Northern Spy : A Novel by Flynn Berry

Berry juxtaposes the pleasures, wonder, and frustrations of life with a baby against a journalist’s life in contemporary Northern Ireland. Terrorism first encroaches on Tessa Daly’s life as a single mother when she sees her sister, Marian, on TV donning a ski mask to rob a bank with IRA members. Baby care and work fade to insignificance as Tessa scrambles to determine where her sister is, whether she was kidnapped by the terrorists and forced to do take part in the robbery, and how to get her home.

That Old Country Music: Stories by Kevin Barry

Stories of rural Ireland in the classic mode: full of love (and sex), melancholy and magic.

Rememberings by Sinead O’Connor

From the acclaimed, controversial singer-songwriter comes a revelatory memoir of her fraught childhood, musical triumphs, struggles with illness, and of the enduring power of song.

Small Things Like These by Claire Keegan

It is 1985 in a small Irish town. During the weeks leading up to Christmas, Bill Furlong, a coal merchant and family man, faces into his busiest season. Early one morning, while delivering an order to the local convent, Bill makes a discovery which forces him to confront both his past and the complicit silences of a town controlled by the church.

Snow by John Banville

Investigating the murder of a County Wexford priest in 1957, Detective Inspector St. John Strafford navigates harsh winter weather and the community’s culture of silence to expose an aristocratic family’s dangerous secrets.

Snowflake : A Novel by Louise Nealon

Nealon follows a wry young Irish woman as she negotiates family burdens. After insecure narrator Deborah leaves her family’s dairy farm in rural Kildare County for Trinity College, she doesn’t exactly blossom—“The only thing I’m learning in college is how to hide”—but she does befriend Xanthe, a rich, glamorous student with whom she shares a fascination with and jealousy of the other’s lifestyle (Xanthe finds it “amazing” that Deborah comes from the “proper countryside”; Deborah thinks five euros for a cup of tea is “daylight robbery”). While Deborah struggles to adjust to college life, her family begins to crack under long-simmering tensions. 

Sorry For Your Trouble: Stories by Richard Ford

A visionary collection of luminous landscapes, of great moments in small lives, of the people we carry with us long after they are gone, Sorry for Your Trouble takes disappointment, aging, grief, love and marriage and silhouettes them against the heady backdrop of Irish America in the past and present.
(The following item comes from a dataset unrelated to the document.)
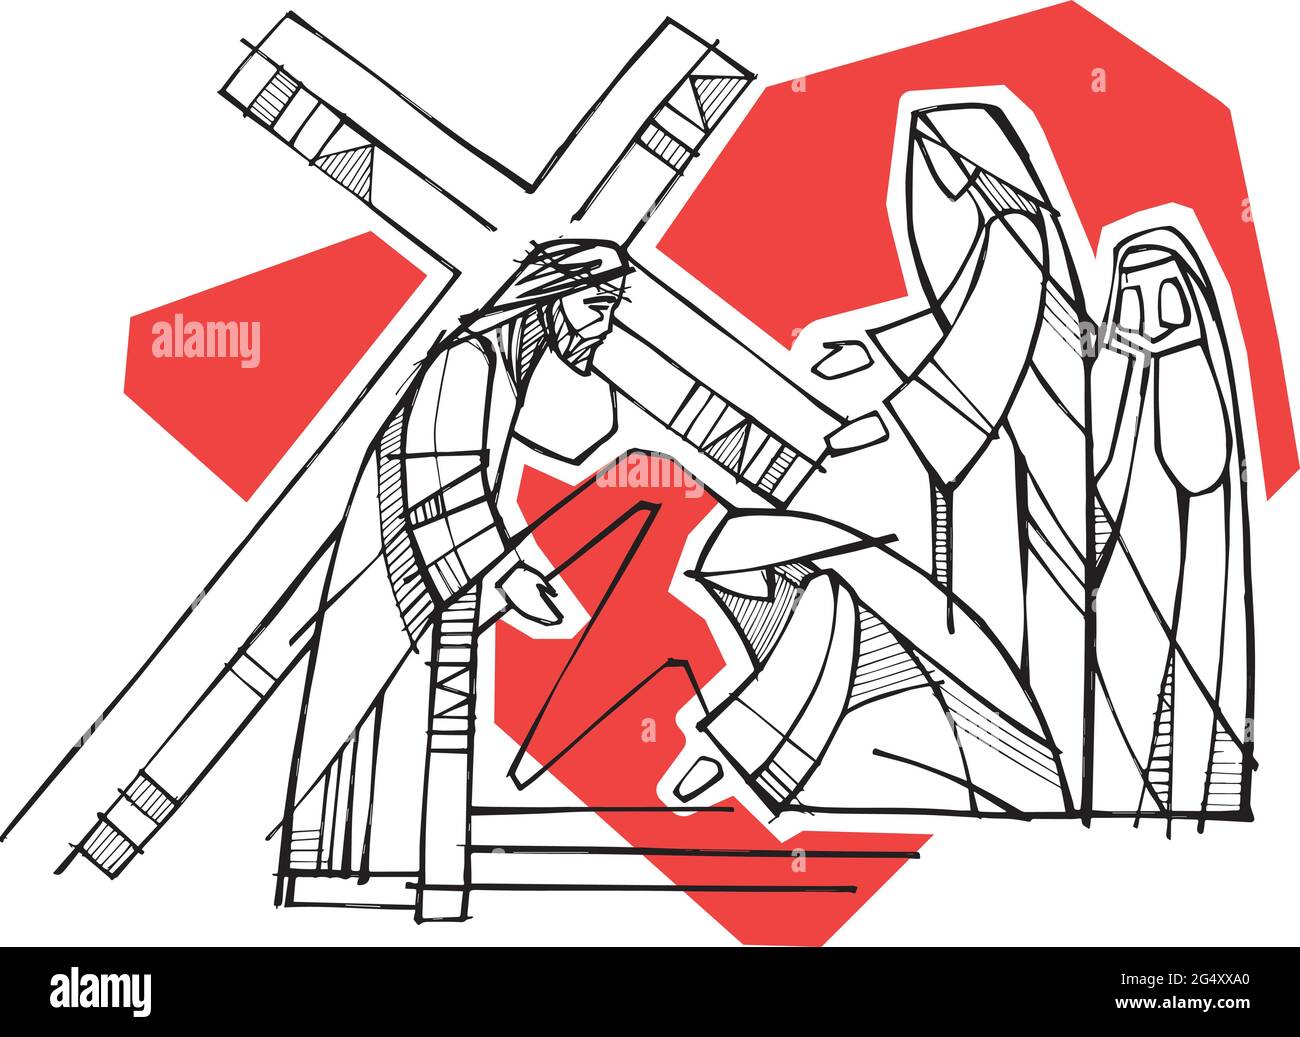 Illustration ou dessin à la main de Jésus-Christ et de la Vierge Marie et d'autres femmes à la Crucifixion Illustration de Vecteur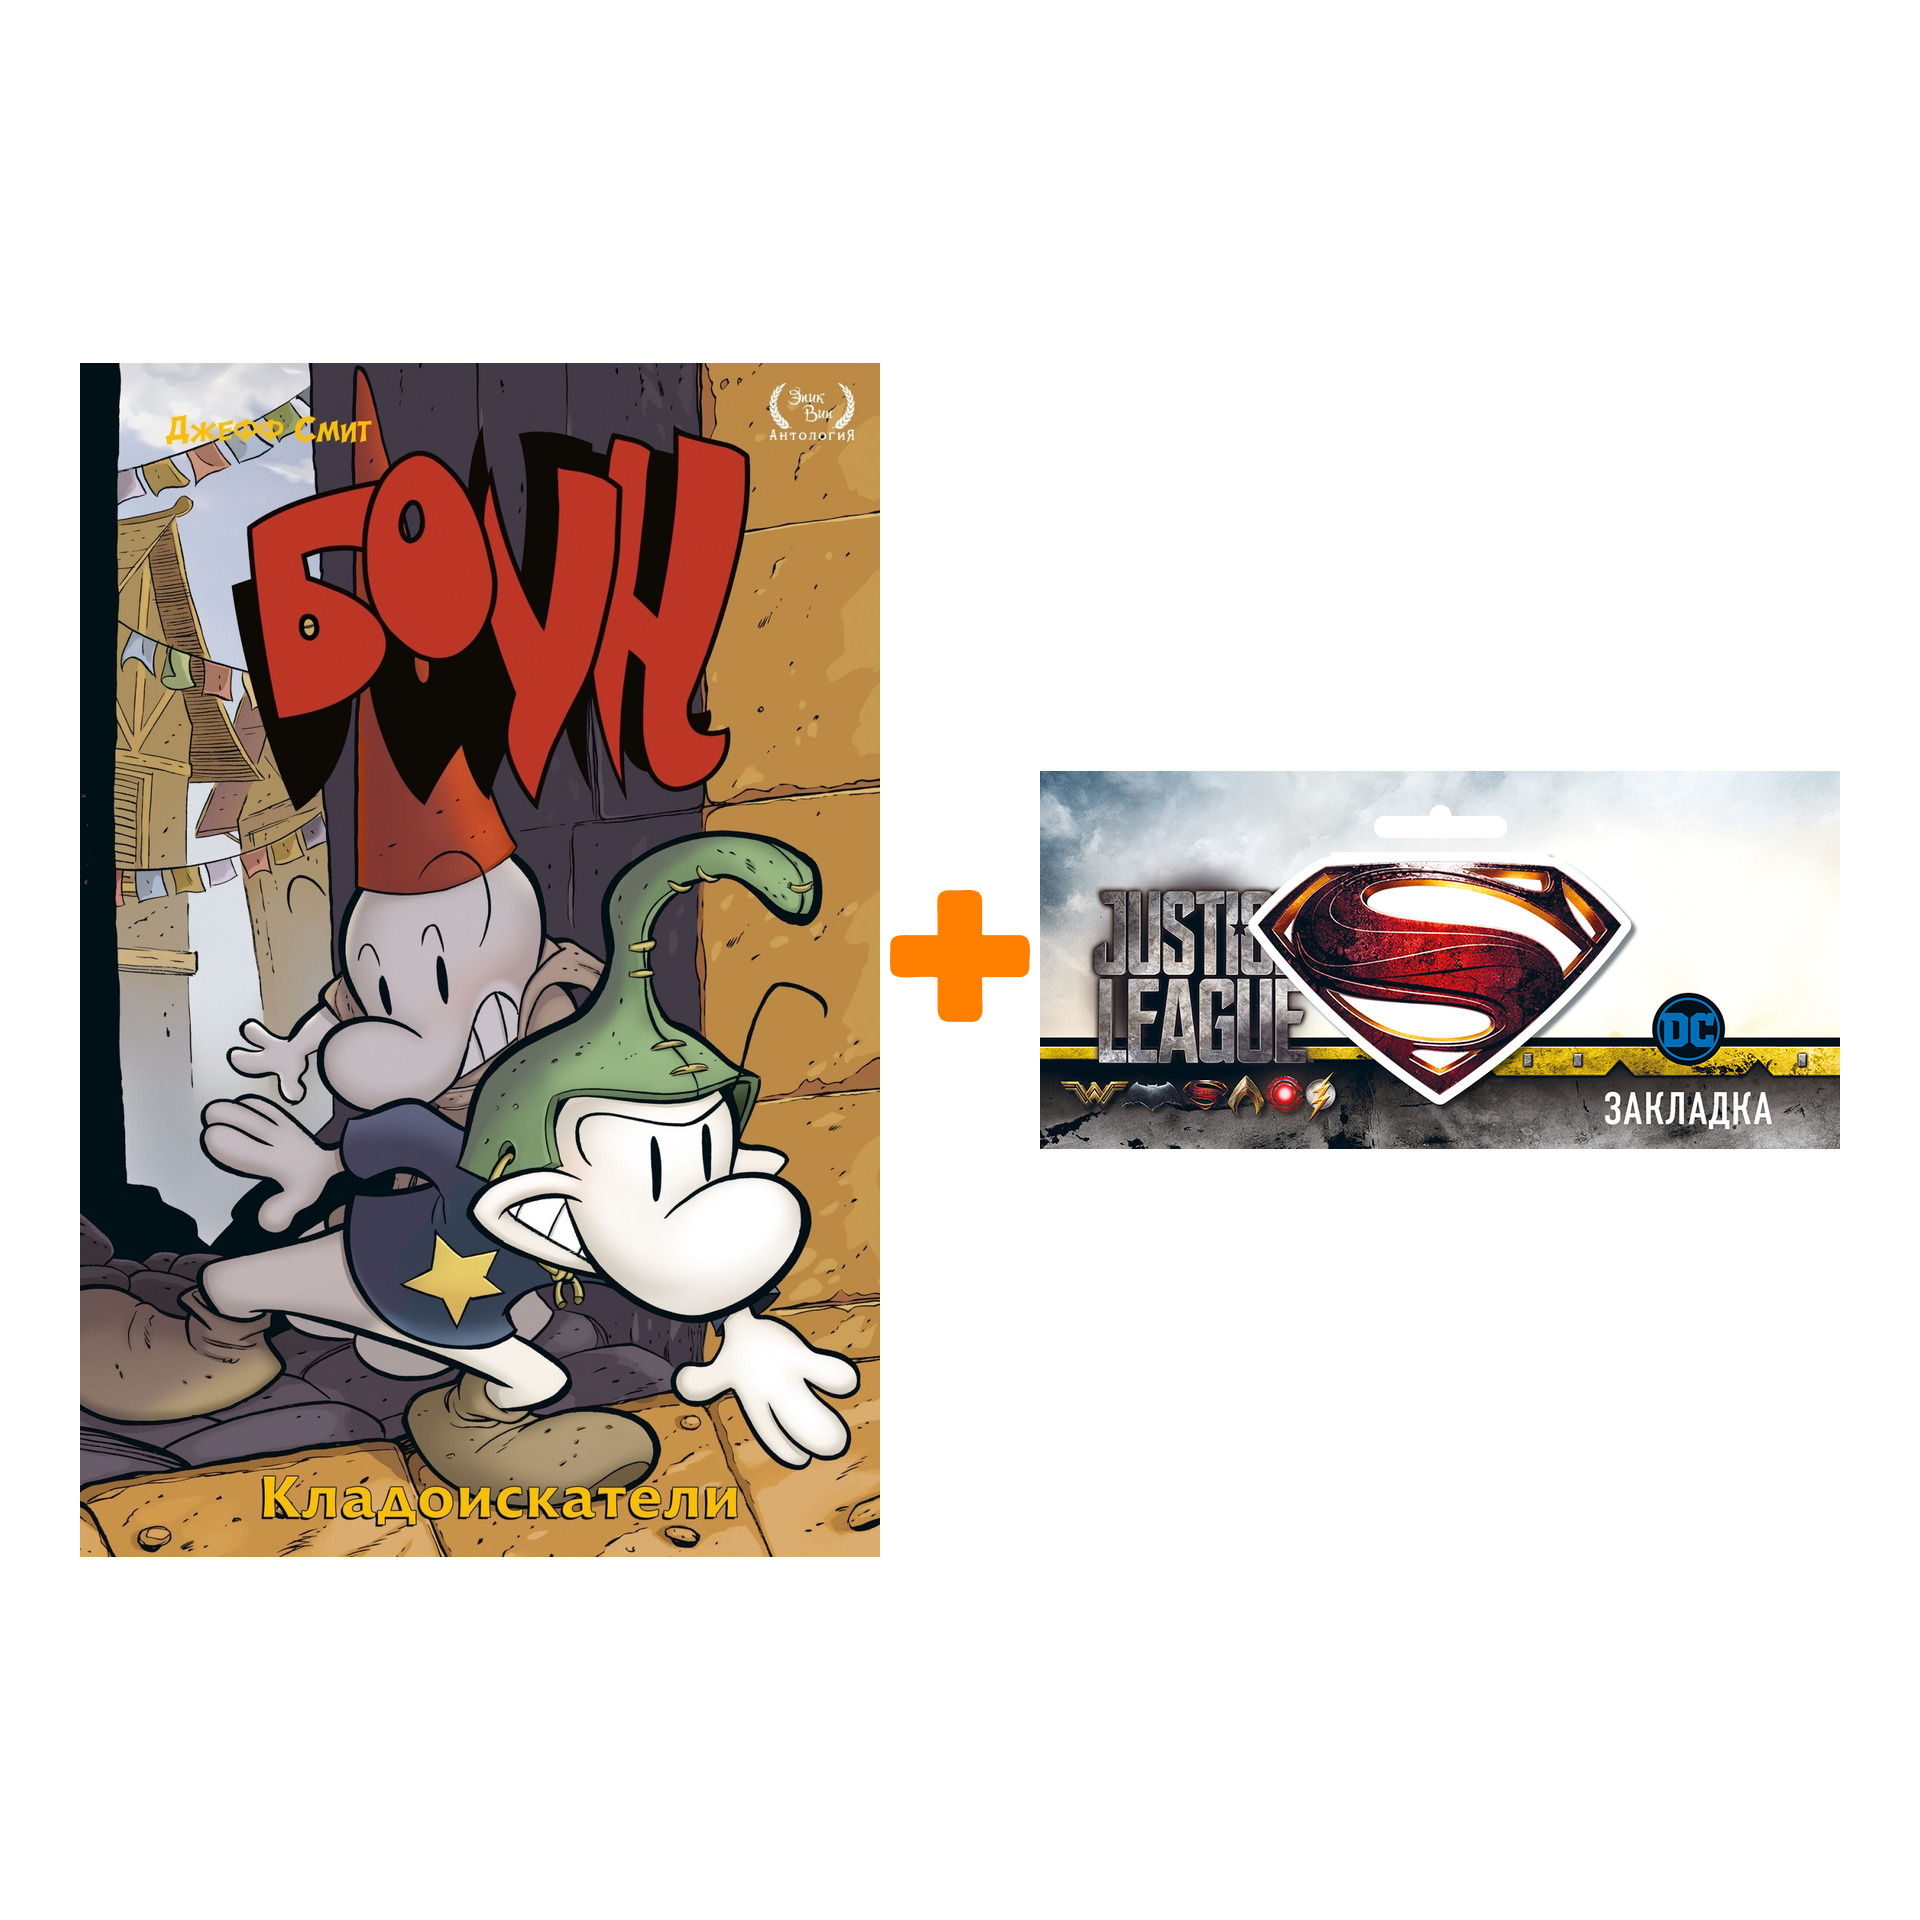 Набор Комикс Боун Том 8 Кладоискатели + Закладка DC Justice League Superman магнитная

Time Pieces: a Dublin memoir by John Banville

A vividly evocative memoir that unfolds around this acclaimed author’s recollections, experience, and imaginings of Dublin. As Banville guides us around the city, delighting in its cultural, architectural, political, and social history, he interweaves the memories that are attached to particular places and moments. The result is both a wonderfully idiosyncratic tour of Dublin, and a tender yet powerful ode to a formative time and place for the artist as a young man. 

The Traveller: And Other Stories by Stuart Neville

A darkly glittering collection of Northern Irish noir.

Walking With Ghosts: A Memoir by Gabriel Byrne

Acclaimed Irish actor Byrne channels his fellow countrymen and Ireland’s literary masters—Beckett, Heaney, Joyce, Yeats—to create an exceptionally lyrical and expressive memoir about his childhood and early career.